Под крышей ратуши горели яркие прожекторы, их свет отражался в каменной мостовой, лоснящейся после дождя. По Ратушной площади гуляли иностранные туристы, и два конных фаэтона катали последних пассажиров. Перед входом в бар стояла небольшая толпа, я подумал, что это очередь в бар, но оказалось, прохожие окружили трио уличных музыкантов.
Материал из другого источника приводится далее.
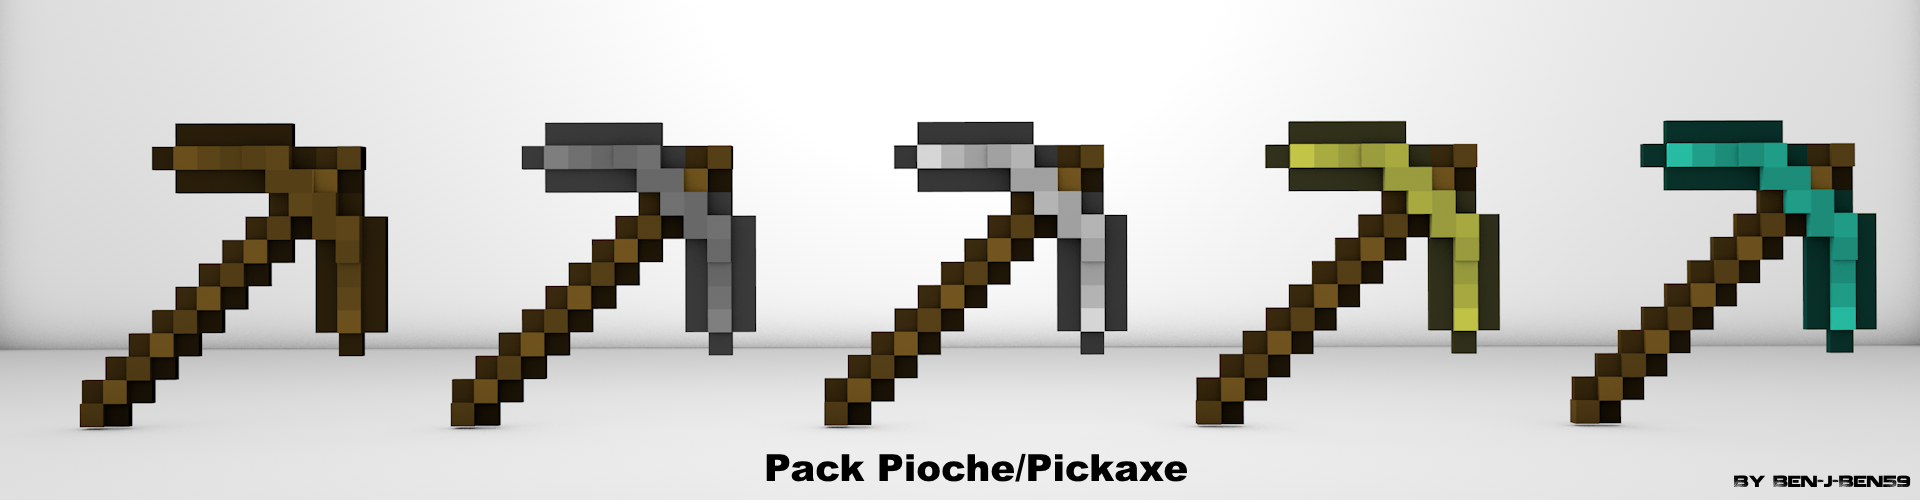 Pack_Pioche.png

Молодые гитаристы сидели на тротуаре, на складных стульчиках, играли и пели. И в грустной, лирической тональности их слаженного, как у битлов, пения было что-то, что заставляло останавливаться всех прохожих. Я разглядел в этой толпе Питера Хевла, Нормана Берна, Монику Брадшоу, Горация Сэмсона. Я подошел к ним и встал рядом. Гитаристы, все трое светловолосые, в белых рубашках и дешевых джинсах, пели о том, что их Эстония, как рыба в сетях, погибает в советской неволе, но «я пью русскую водку, и мне теперь все равно!..» Что эстонских детей заставляют молиться Ленину и Марксу, но «я пью русскую водку, и мне теперь все равно!..» Что эстонских парней забирают в Советскую Армию и там насилуют и избивают до смерти, но «я пью русскую водку, и мне теперь все равно!..» Что эстонские реки отравлены русскими заводами, но «я пью русскую водку, и мне теперь все равно!..»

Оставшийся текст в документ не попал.